I think I’ve spotted a mistake in the Section 2.1 of the Week 4 activity on Transformers:
If we multiply (1 - mask) by -1e9 and add it to the sample input sequences, the zeros are essentially set to negative infinity. Notice the difference when taking the softmax of the original sequence and the masked sequence:
The example produces masked outputs with different dimensionality which really confused me for a while. I believe the cause is that create_padding_mask() adds an extra dimension:
tf.Tensor(
[[7.2876644e-01 2.6809821e-01 6.6454901e-04 6.6454901e-04 1.8064314e-03]
[8.4437378e-02 2.2952460e-01 6.2391251e-01 3.1062774e-02 3.1062774e-02]
[4.8541026e-03 4.8541026e-03 4.8541026e-03 2.6502505e-01 7.2041273e-01]], shape=(3, 5), dtype=float32)
tf.Tensor(
[[[7.2973627e-01 2.6845497e-01 0.0000000e+00 0.0000000e+00 1.8088354e-03]
[2.4472848e-01 6.6524094e-01 0.0000000e+00 0.0000000e+00 9.0030573e-02]
[6.6483547e-03 6.6483547e-03 0.0000000e+00 0.0000000e+00 9.8670328e-01]]
[[7.3057163e-01 2.6876229e-01 6.6619506e-04 0.0000000e+00 0.0000000e+00]

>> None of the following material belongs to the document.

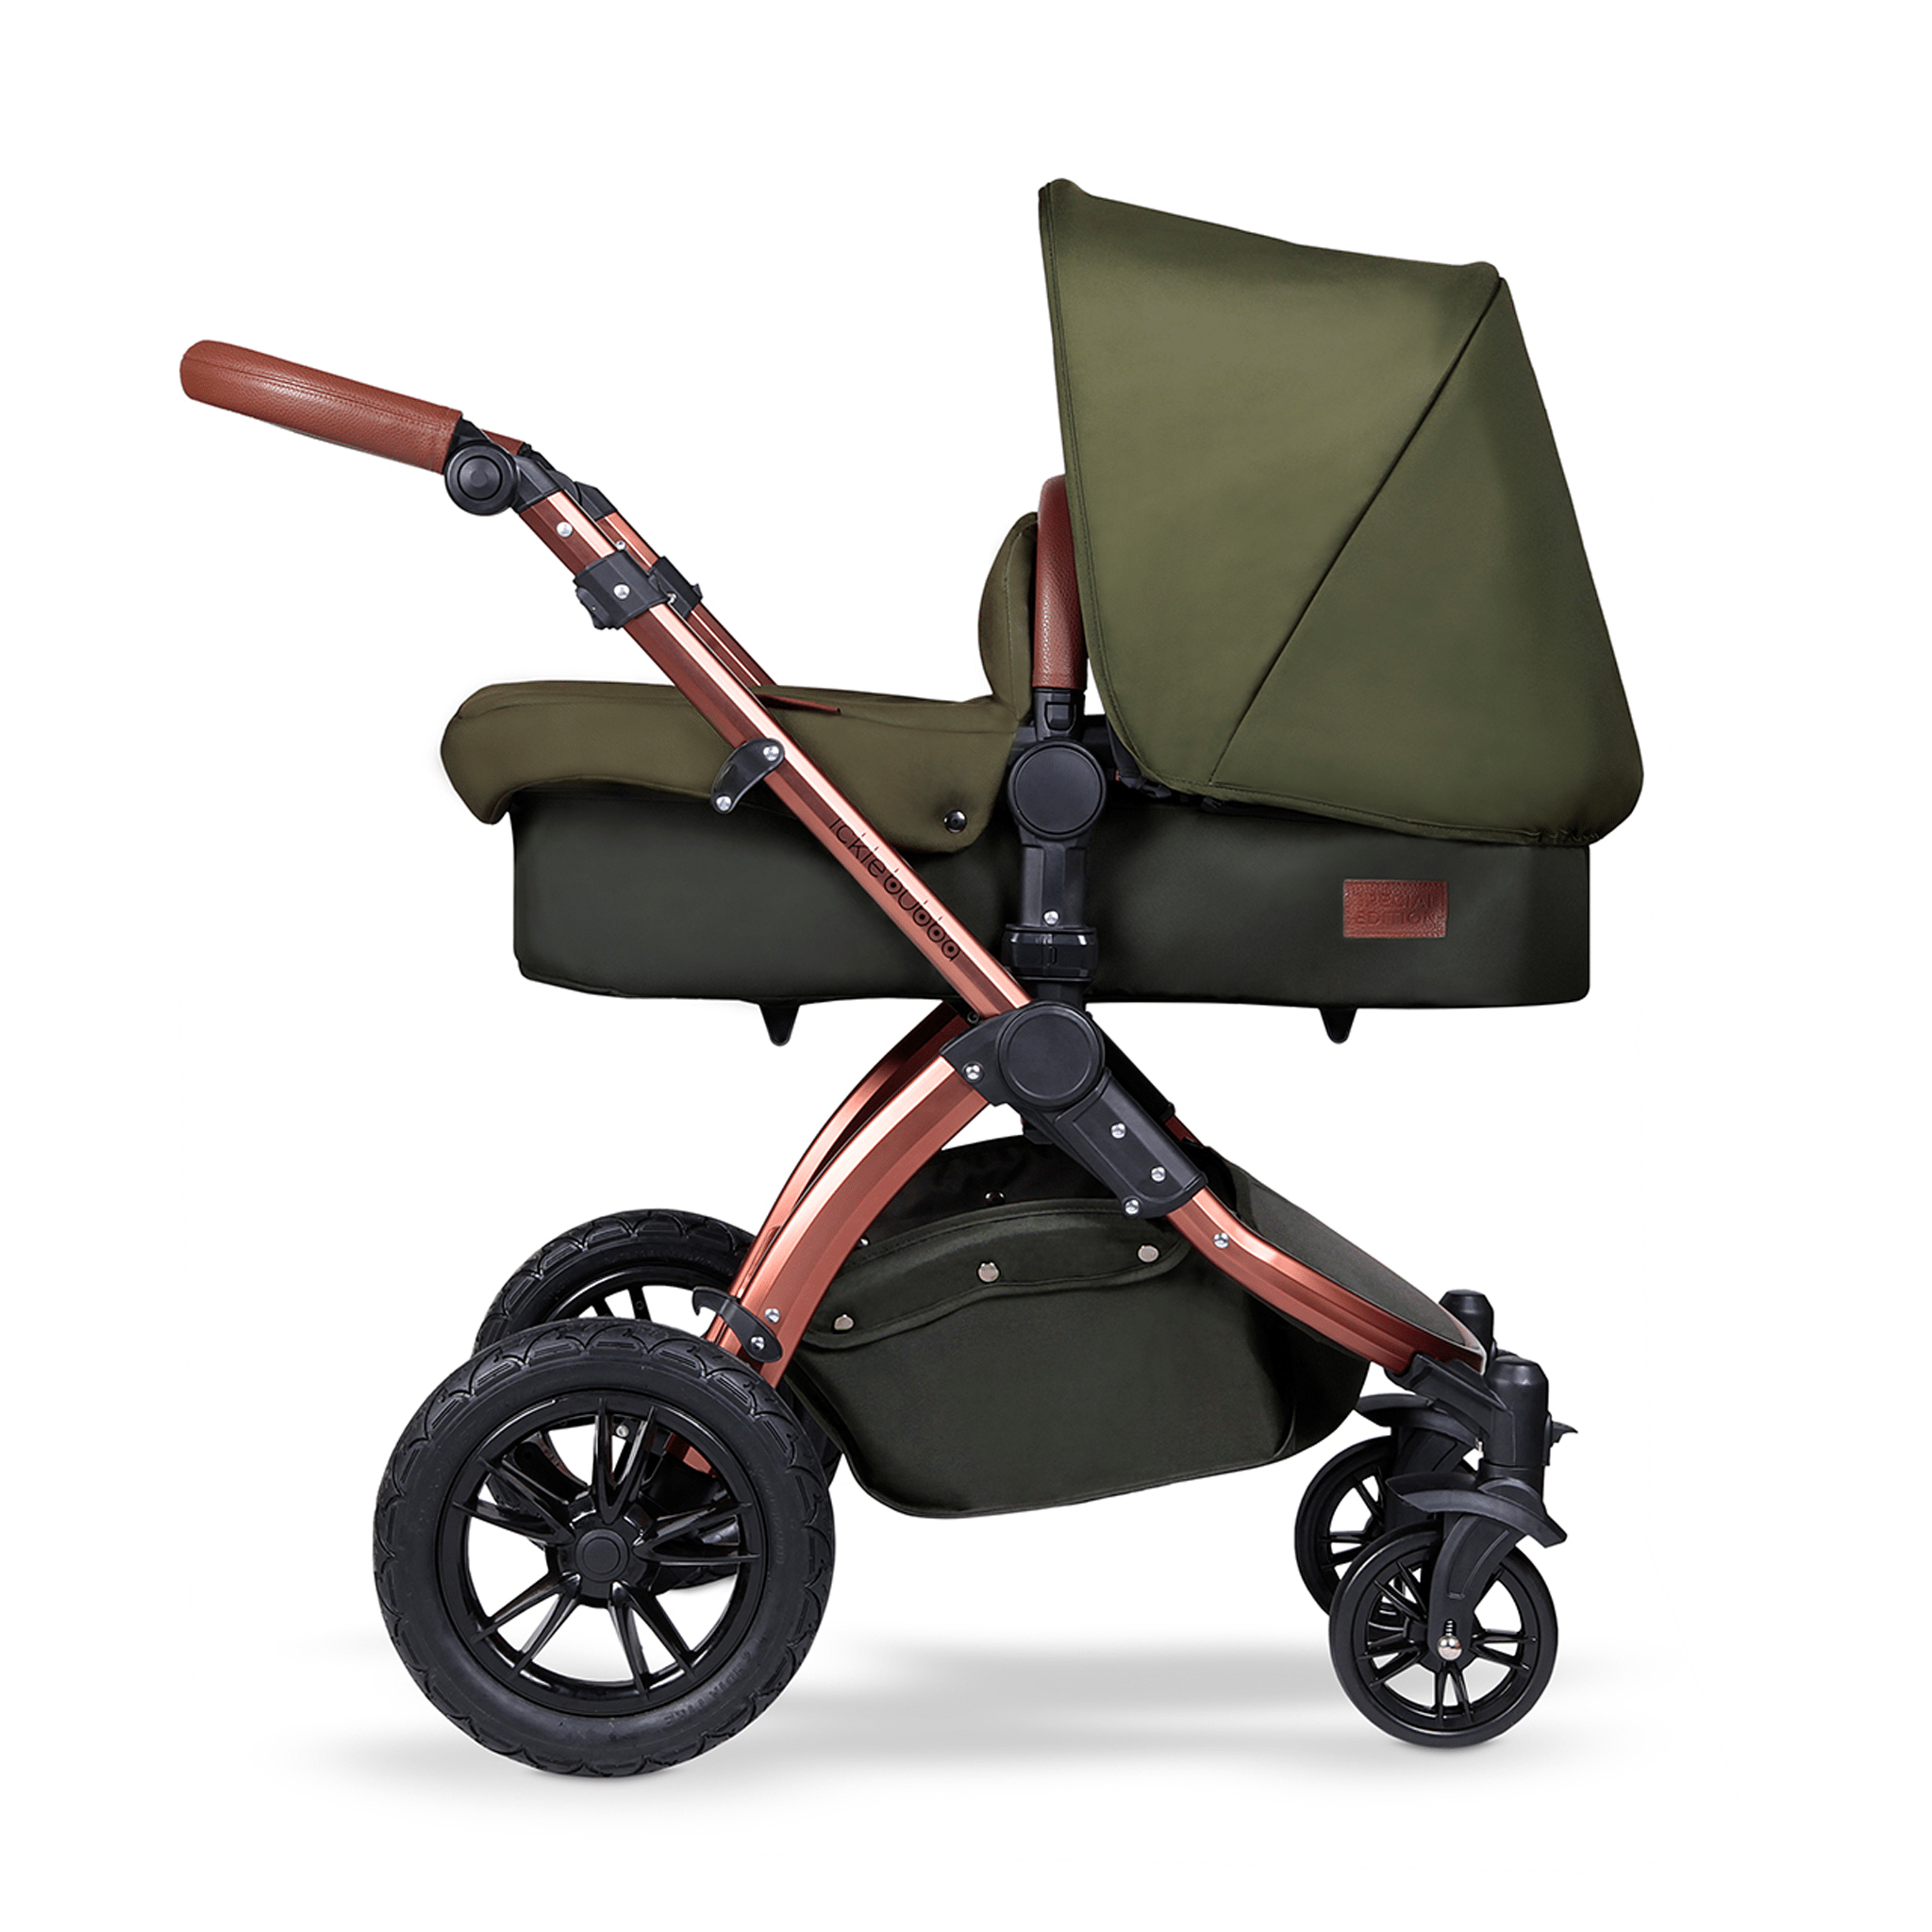 Ickle Bubba baby pushchairs Ickle Bubba Stomp V4 2-in-1 Pushchair Bronze/Woodland 10-004-000-022

[9.0030573e-02 2.4472848e-01 6.6524094e-01 0.0000000e+00 0.0000000e+00]
[3.3333334e-01 3.3333334e-01 3.3333334e-01 0.0000000e+00 0.0000000e+00]]
[[0.0000000e+00 0.0000000e+00 0.0000000e+00 2.6894143e-01 7.3105860e-01]
[0.0000000e+00 0.0000000e+00 0.0000000e+00 5.0000000e-01 5.0000000e-01]
[0.0000000e+00 0.0000000e+00 0.0000000e+00 2.6894143e-01 7.3105860e-01]]], shape=(3, 3, 5), dtype=float32)
My workaround was to index into the result from create_padding_mask()
Corrected - I just reviewed the output again and my workaround is unhelpful.
Any thoughts appreciated on the cause of the change in dimensionality!